Dataset and DataFrame
---------------------
To convert any dataset to a ``DataFrame`` in tidy form, use the
:py:meth:`Dataset.to_dataframe()` method:
.. ipython:: python
ds = xr.Dataset(
{"foo": (("x", "y"), np.random.randn(2, 3))},
coords={
"x": [10, 20],
"y": ["a", "b", "c"],
"along_x": ("x", np.random.randn(2)),
"scalar": 123,
},
)
ds
df = ds.to_dataframe()
df
We see that each variable and coordinate in the Dataset is now a column in the
DataFrame, with the exception of indexes which are in the index.

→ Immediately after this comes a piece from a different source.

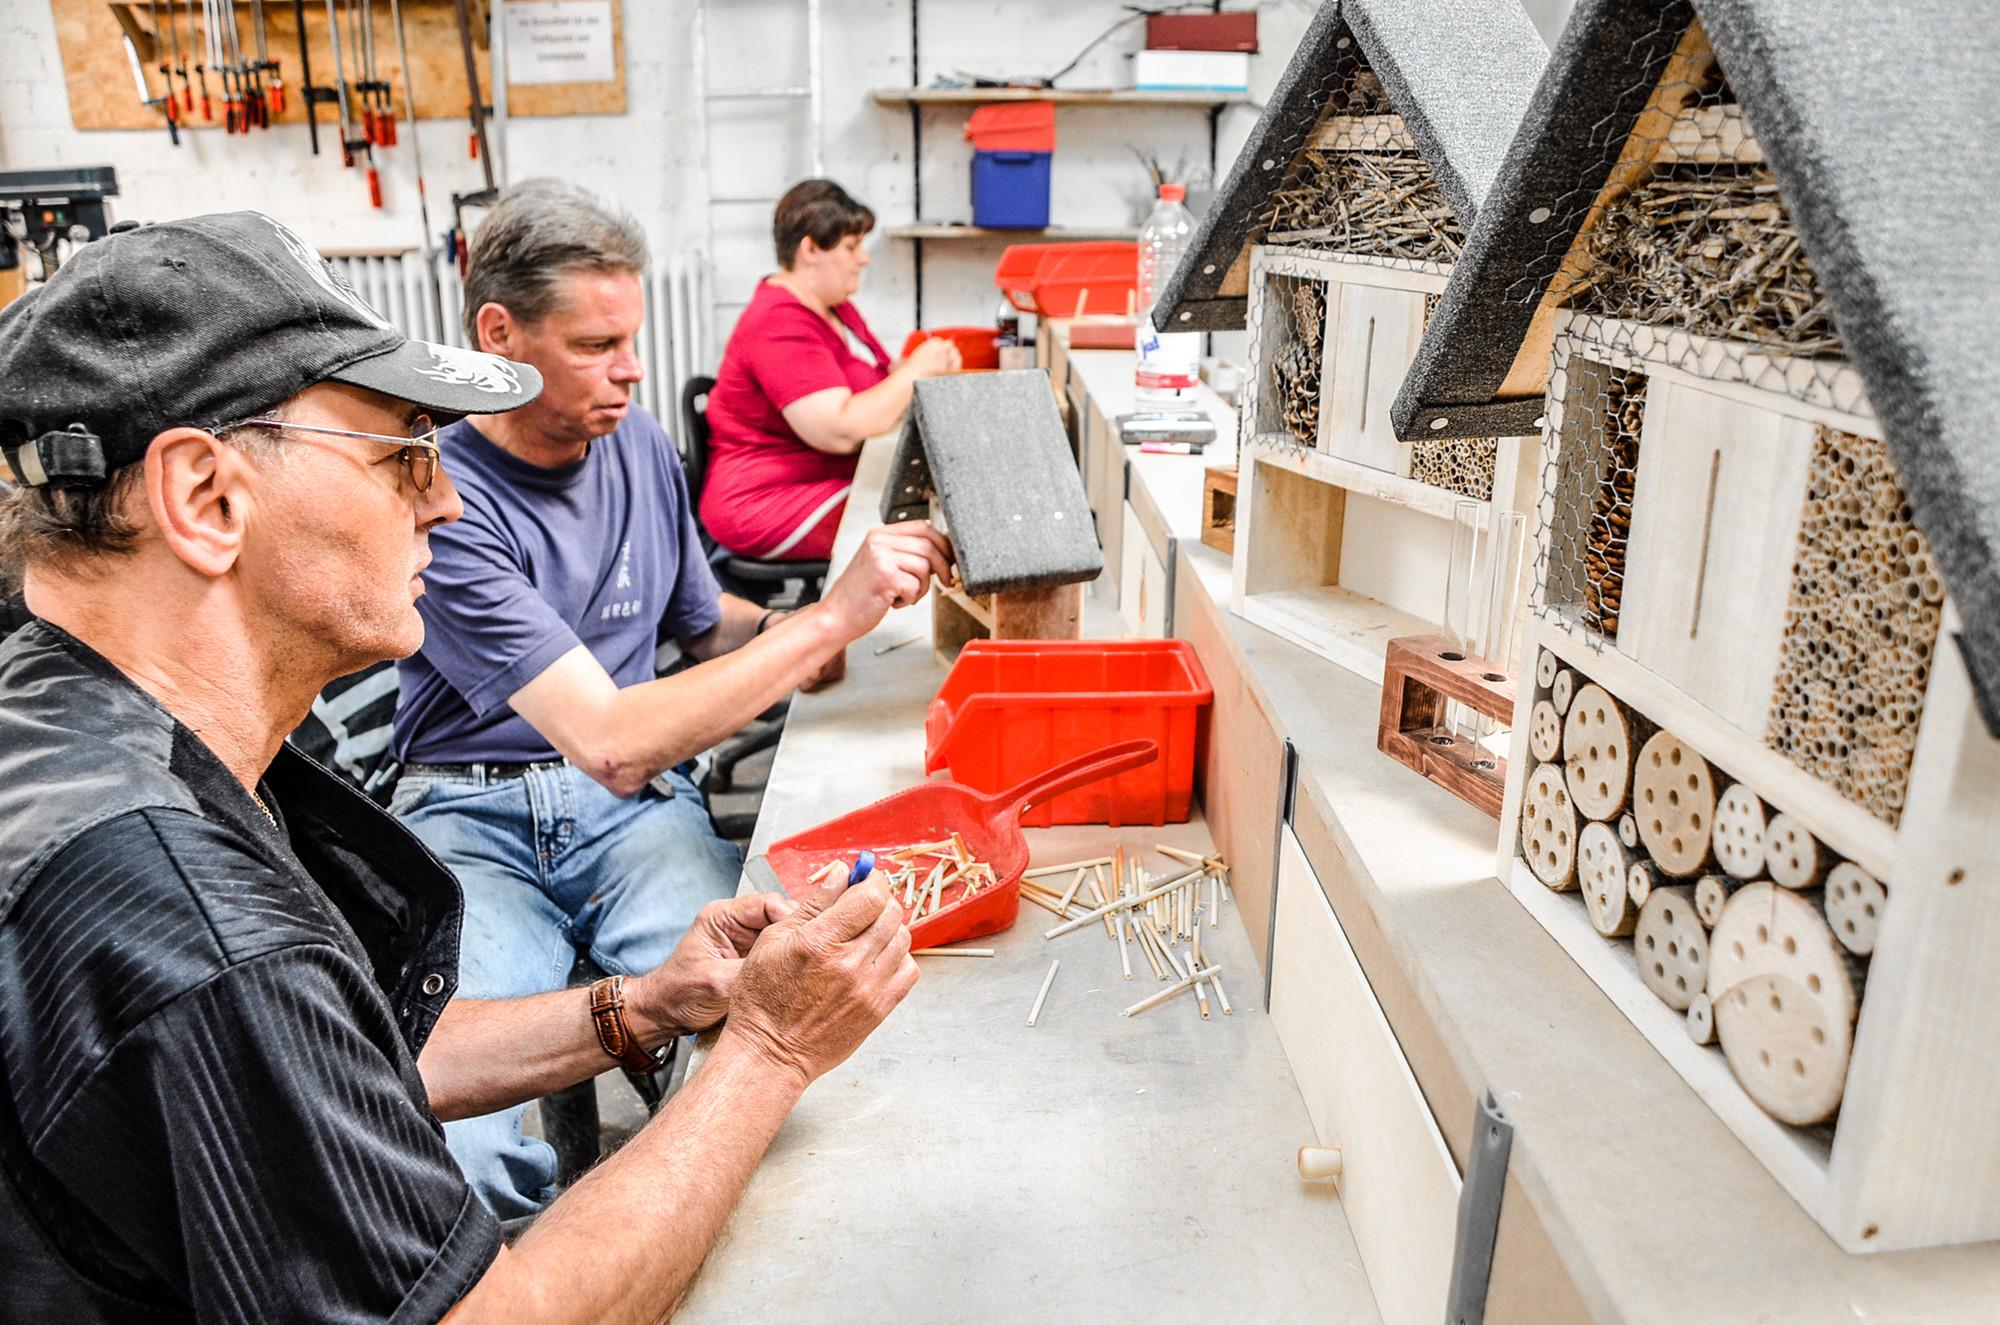 Menschen bauen Vogelhäuser in einer Werkstatt

To convert the ``DataFrame`` to any other convenient representation,
use ``DataFrame`` methods like :py:meth:`~pandas.DataFrame.reset_index`,
:py:meth:`~pandas.DataFrame.stack` and :py:meth:`~pandas.DataFrame.unstack`.
For datasets containing dask arrays where the data should be lazily loaded, see the
:py:meth:`Dataset.to_dask_dataframe()` method.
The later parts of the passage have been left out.